Хорнблауэр взял себя в руки.
– Вы – старший офицер на позиции, – сказал он. – Решать вам.
– Да, – задумчиво произнес Болтон. – Да.
Он оценивающе взглянул на Хорнблауэра.
– Вы отдали бы три пальца, чтоб отправиться самому, – сказал он вдруг, – и вы это знаете. Вам все так же неймется, как бывалоча на «Неустанном». Помнится, сек я вас за это – то ли в девяносто третьем, то ли в девяносто четвертом.
Хорнблауэр вспыхнул. Из памяти его и по сю пору не изгладилась унизительная экзекуция, когда лейтенант Болтон выпорол его, мичмана, перегнув через пушку. Но он проглотил обиду: не хотелось ссориться с Болтоном, особенно сейчас. Да и Болтон, в отличие от Хорнблауэра, не считал порку оскорблением.
– В девяносто третьем, сэр, – сказал Хорнблауэр. – Я только что поступил на судно.

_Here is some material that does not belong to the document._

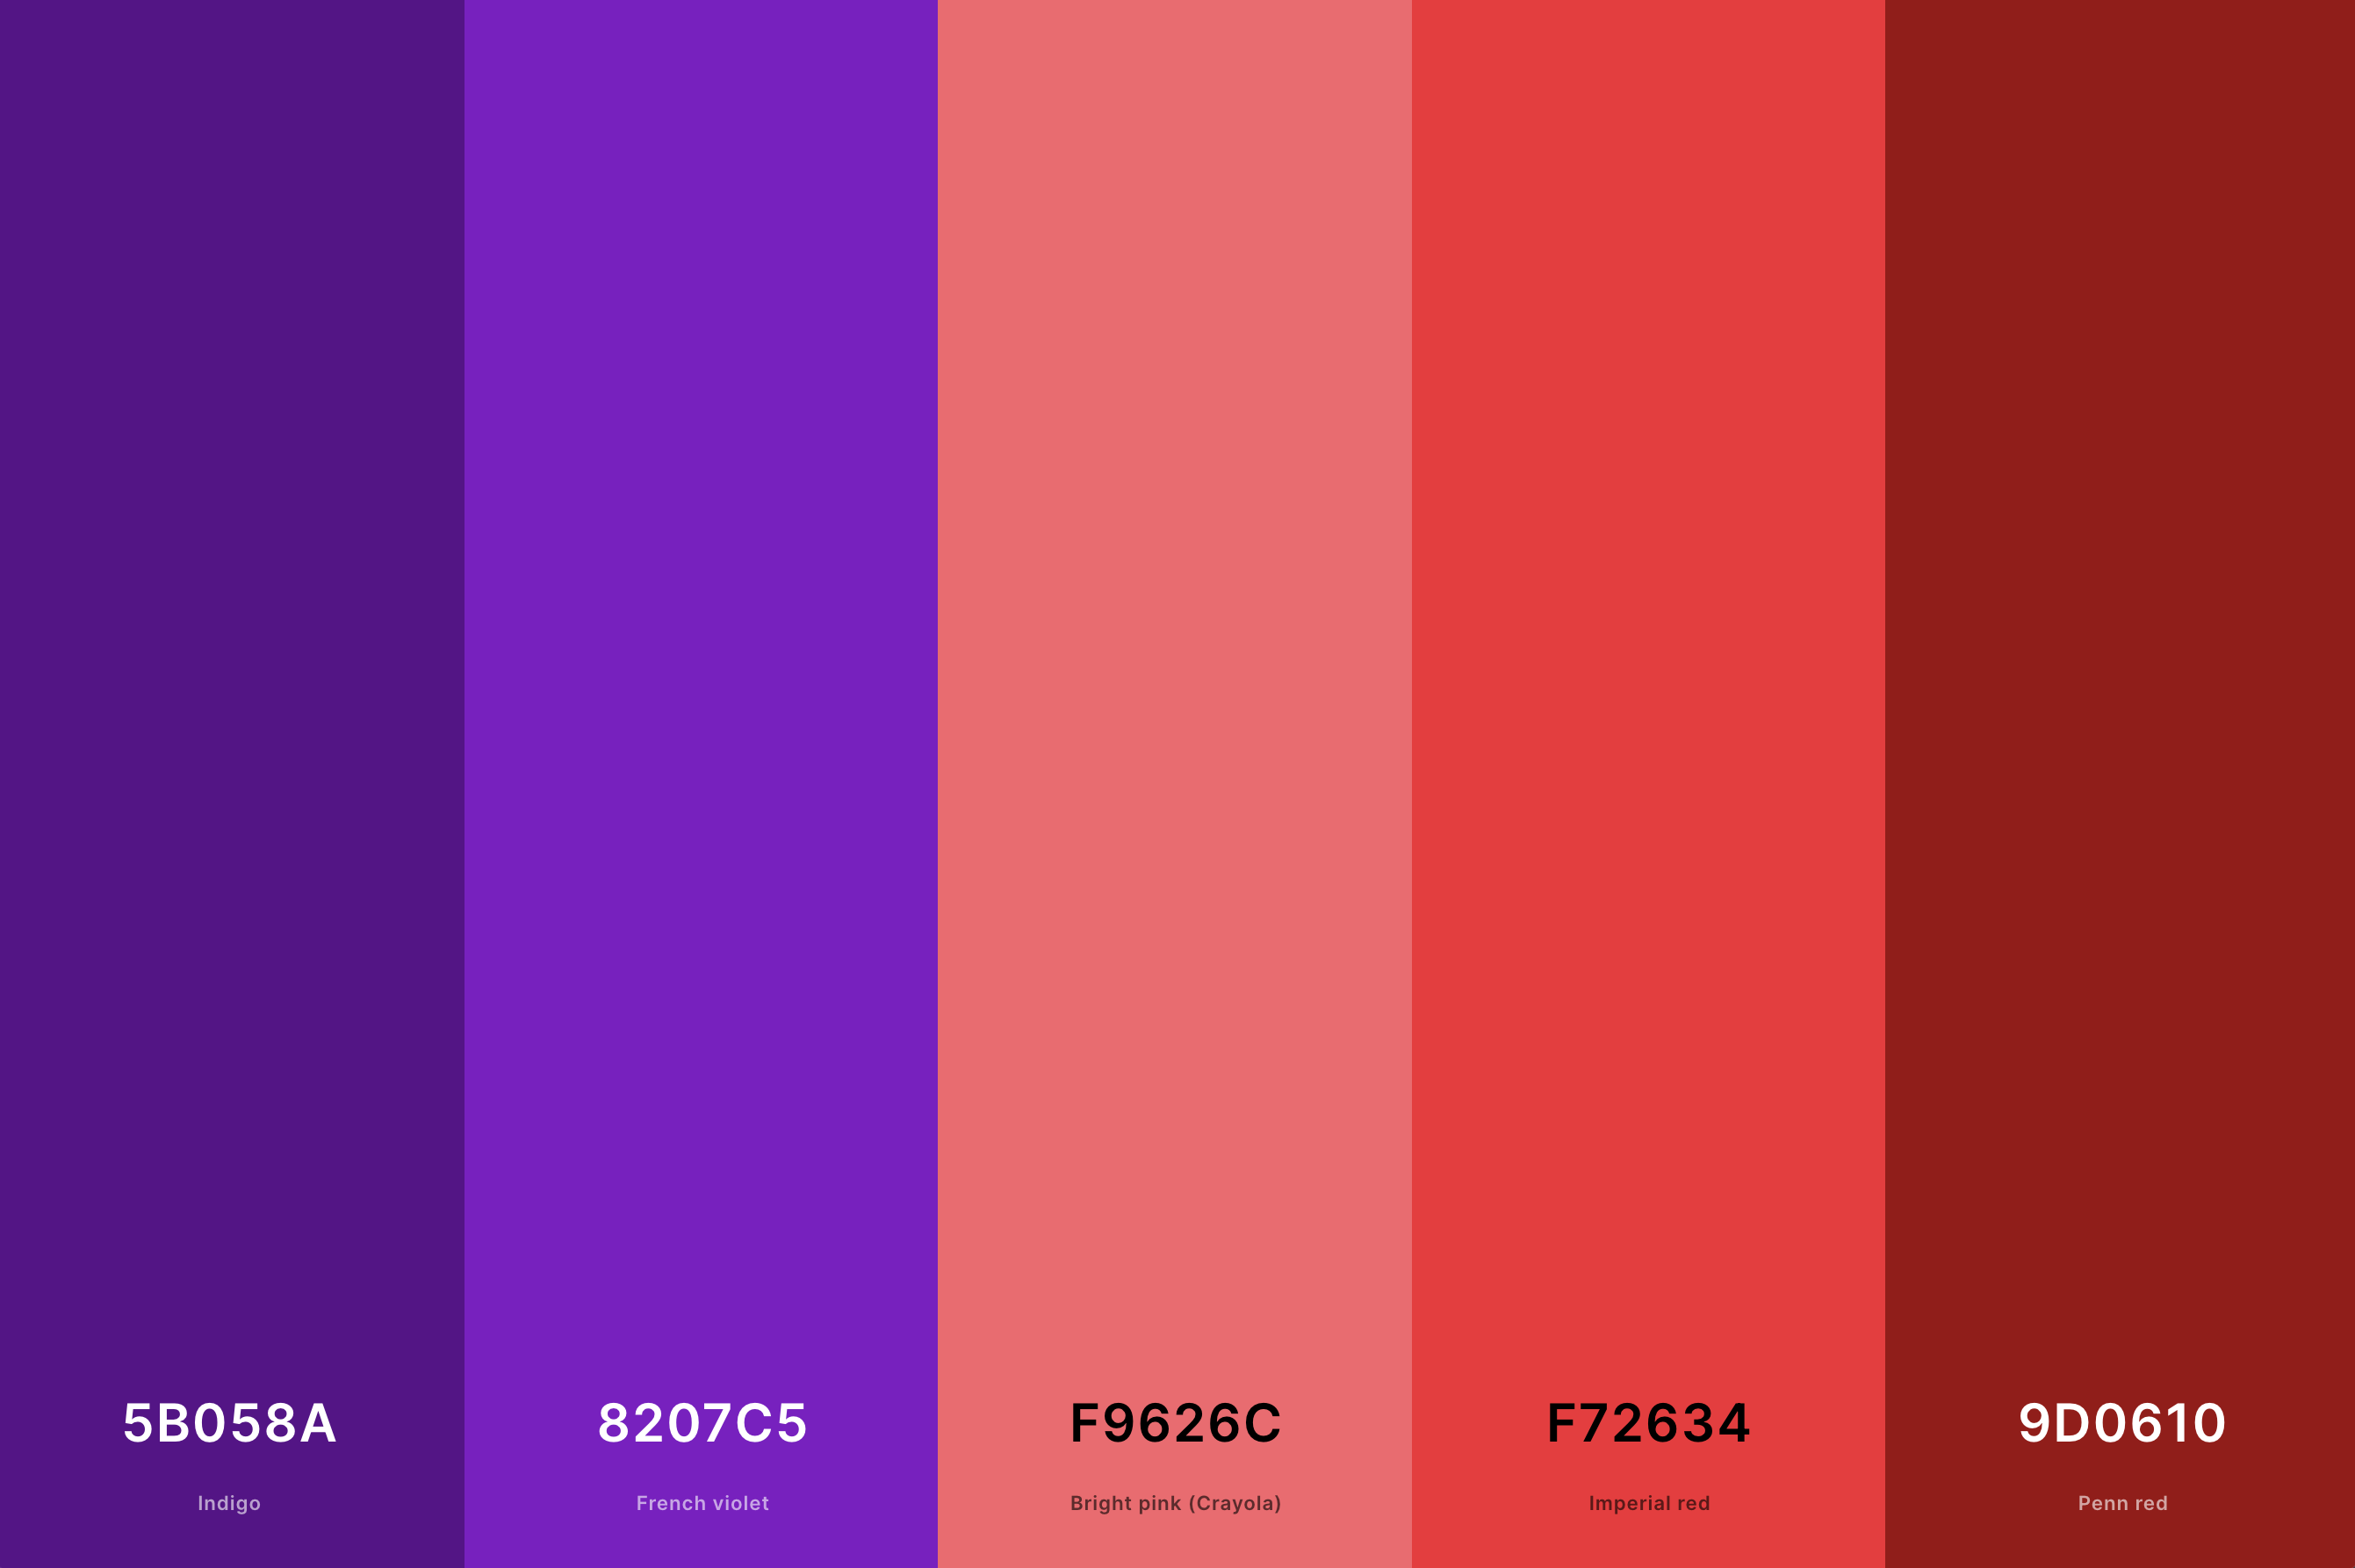 10. Red And Purple Color Palette Color Palette with Indigo (Hex #5B058A) + French Violet (Hex #8207C5) + Bright Pink (Crayola) (Hex #F9626C) + Imperial Red (Hex #F72634) + Penn Red (Hex #9D0610) Color Palette with Hex Codes

– А теперь вы капитан, один из самых заметных в нижней половине списка, – заметил Болтон. – Господи, как время-то летит. Я бы отпустил вас, Хорнблауэр, в память о прошлом, если бы мне самому не хотелось так же сильно.
– Ox, – сказал Хорнблауэр. От разочарования лицо его так комично вытянулось, что Болтон невольно рассмеялся.